Faith, Science, and Proof
by Shane Scott
I am in the midst of a series of articles exploring some common objections to Christianity raised by atheists. The particular arguments I am considering actually grew out of an extensive online discussion with some friends of mine who are not believers. In this article I want to address what I think may be the central issue that stood in their way, and that stands in the way of faith for many people today. By the very nature of this topic, my thoughts in this article are going to involve thinking carefully through some issues that we don’t typically discuss in sermons, so I hope you don’t mind “girding up the loins of your mind,” as Peter might say!

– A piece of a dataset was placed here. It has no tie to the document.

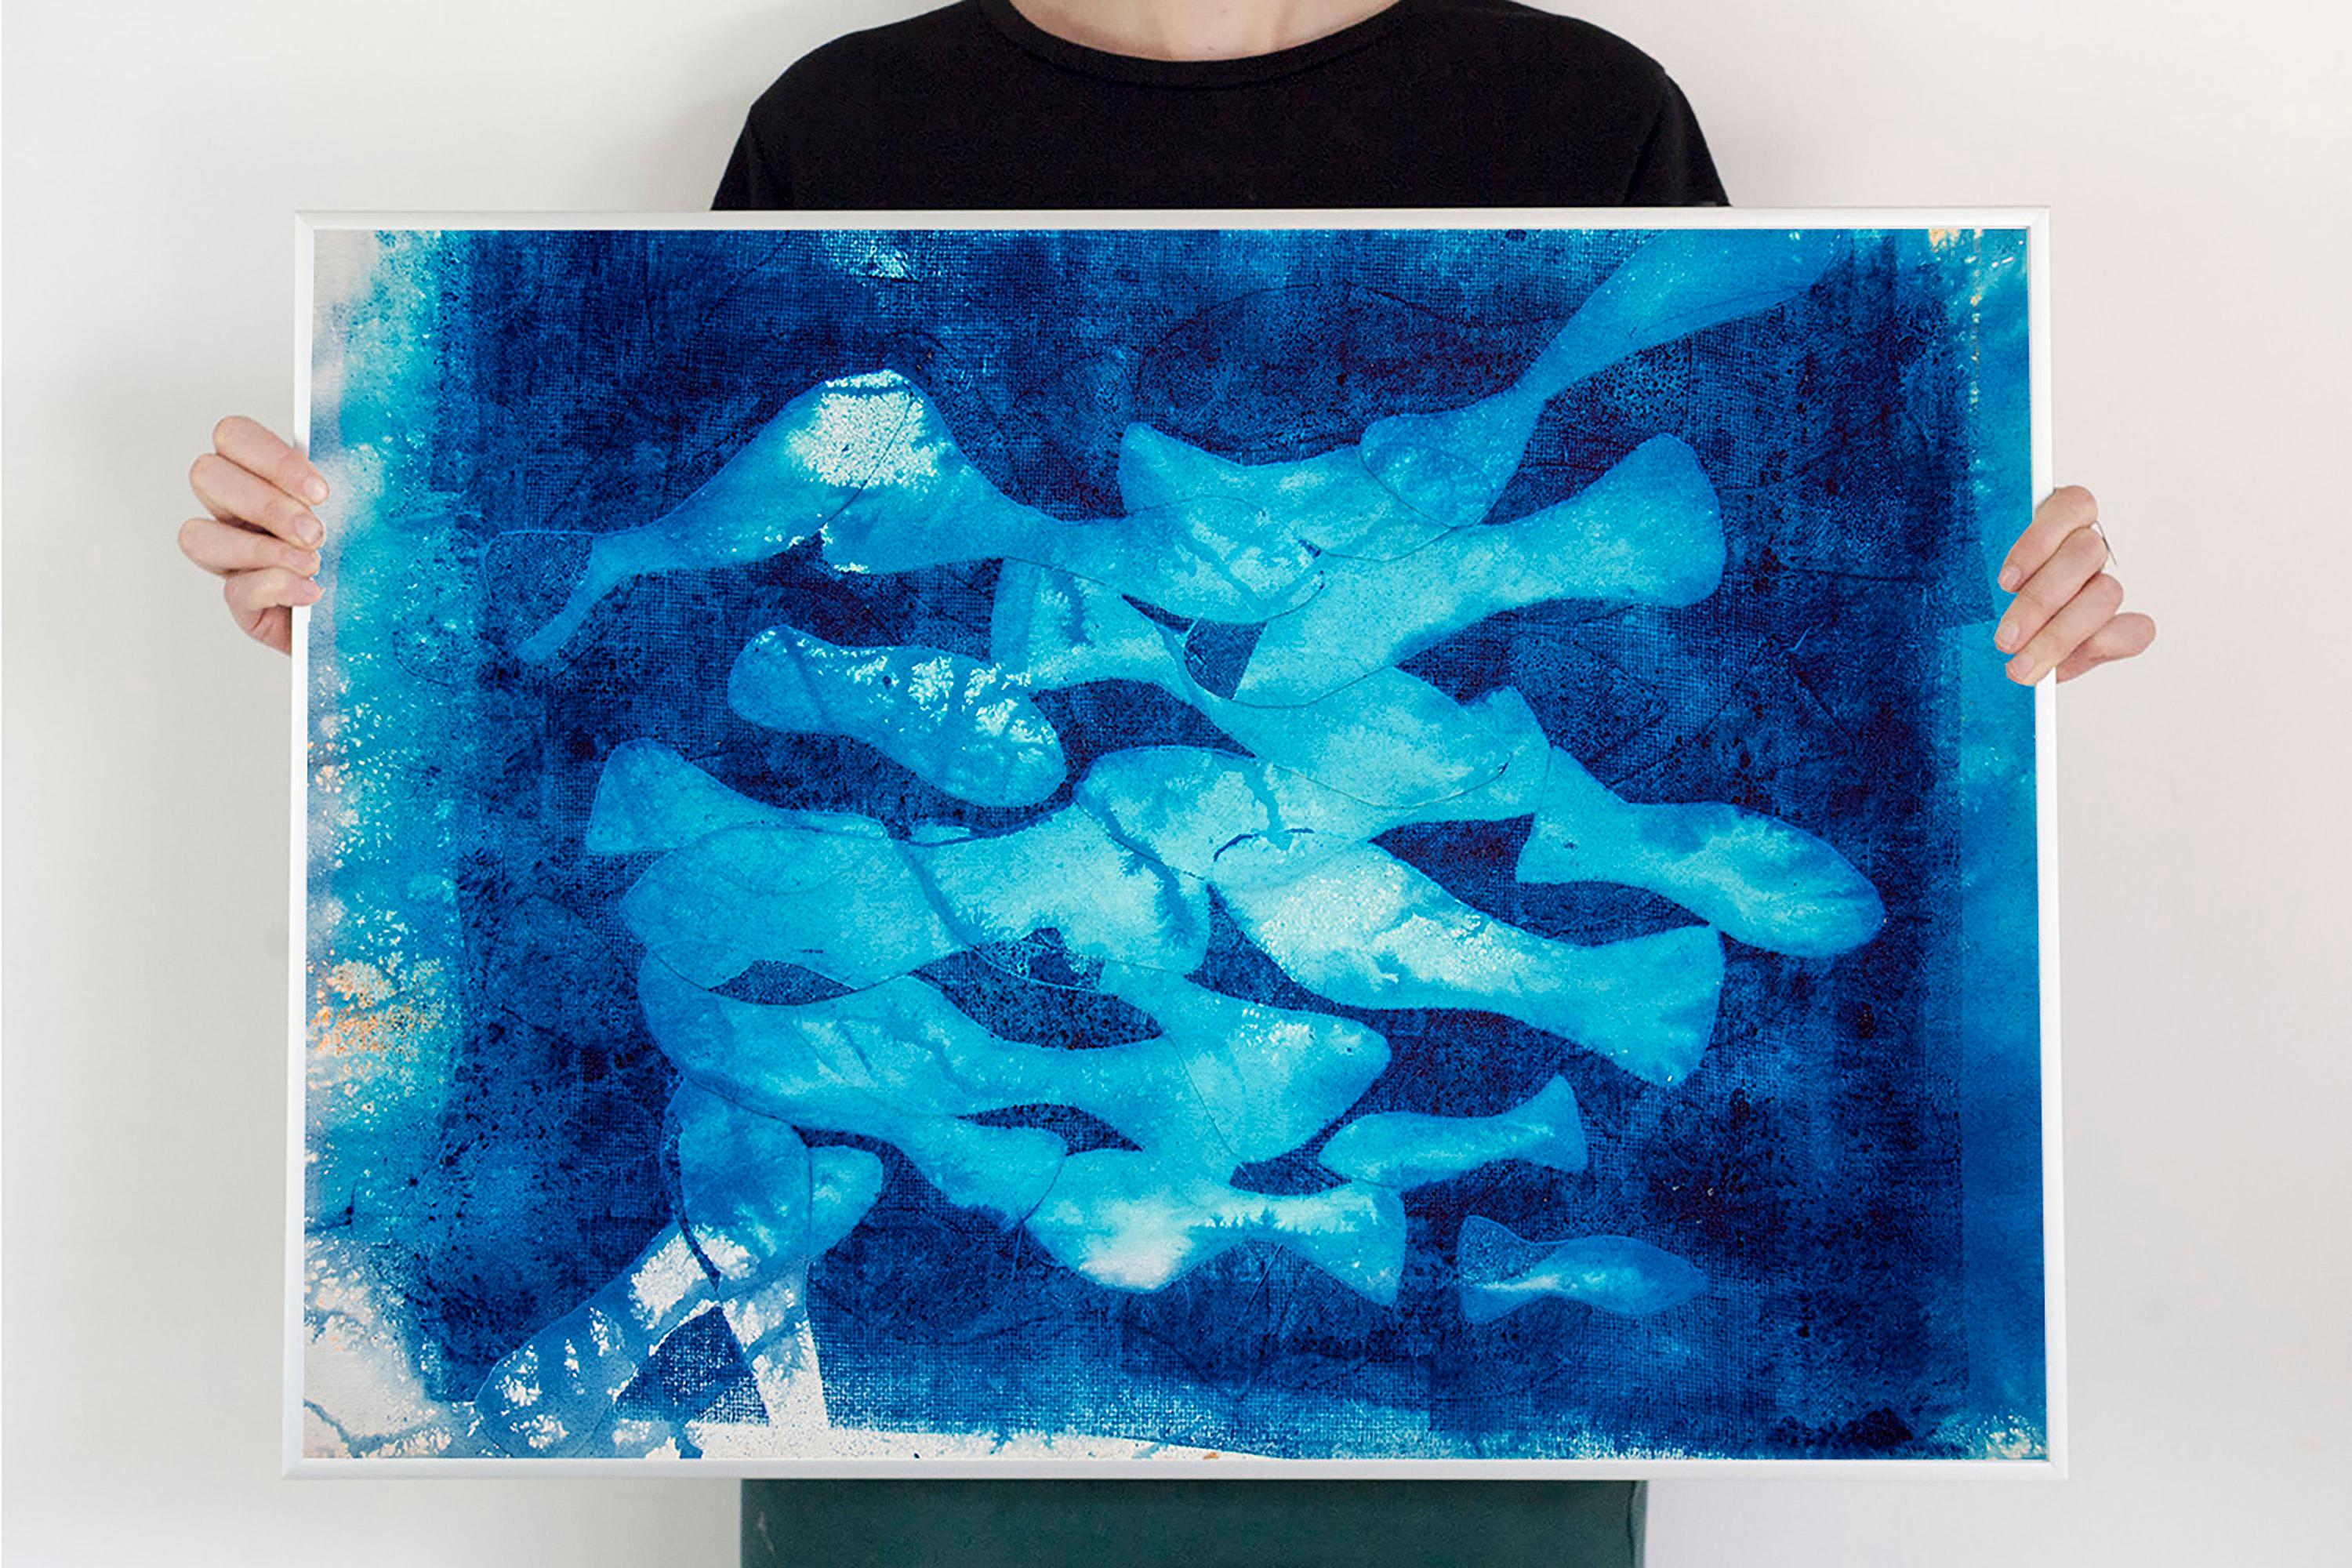 Marina Abismal, peinture technique mixte, tons bleus, motifs de poissons méditerranéens - Painting de Enric Servera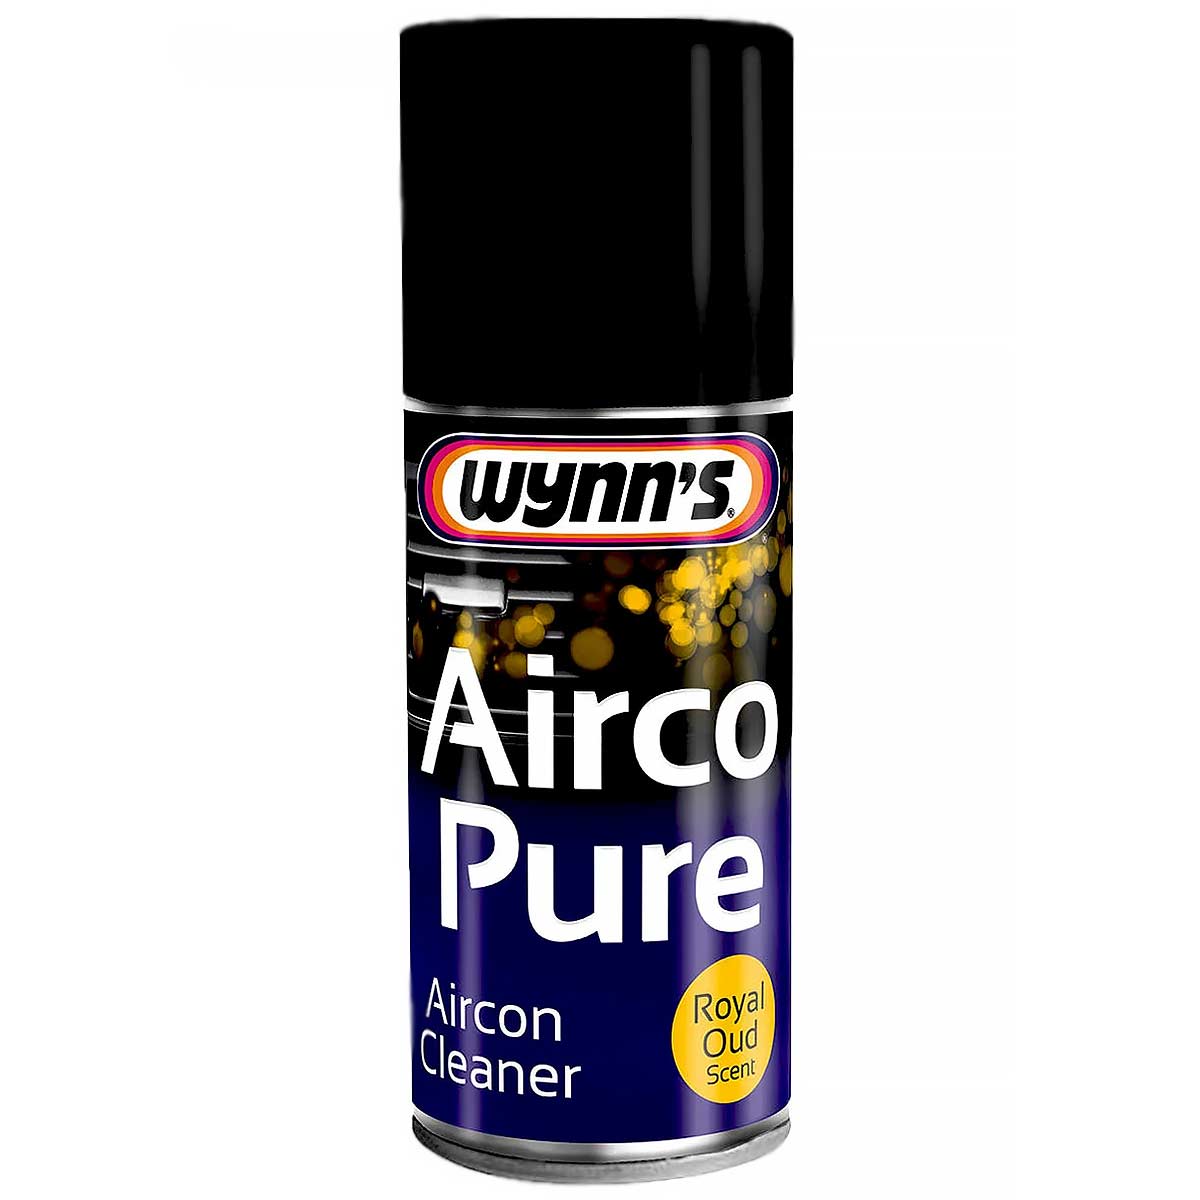 تمیز کننده مجاری کولر و بخاری وینز Wynn’s Airco Pure

During the course of my exchanges with my friends, one of them made this challenge:
“You claim God exists, you prove it. If you want us to believe then you better prove it scientifically – otherwise we won’t believe it.”
The underlying premise of this challenge is that the only kind of proof that merits acceptance is “scientific” proof. This viewpoint is sometimes called scientism. Scientism is not the same thing as science. Broadly defined, science is the study of the natural world, including subjects like physics, chemistry, and biology. By contrast, scientism claims that the natural world is all that exists, and therefore, only those truths that can be deduced by the study of science can be considered legitimate. Scientism is the underlying assumption of the New Atheist movement.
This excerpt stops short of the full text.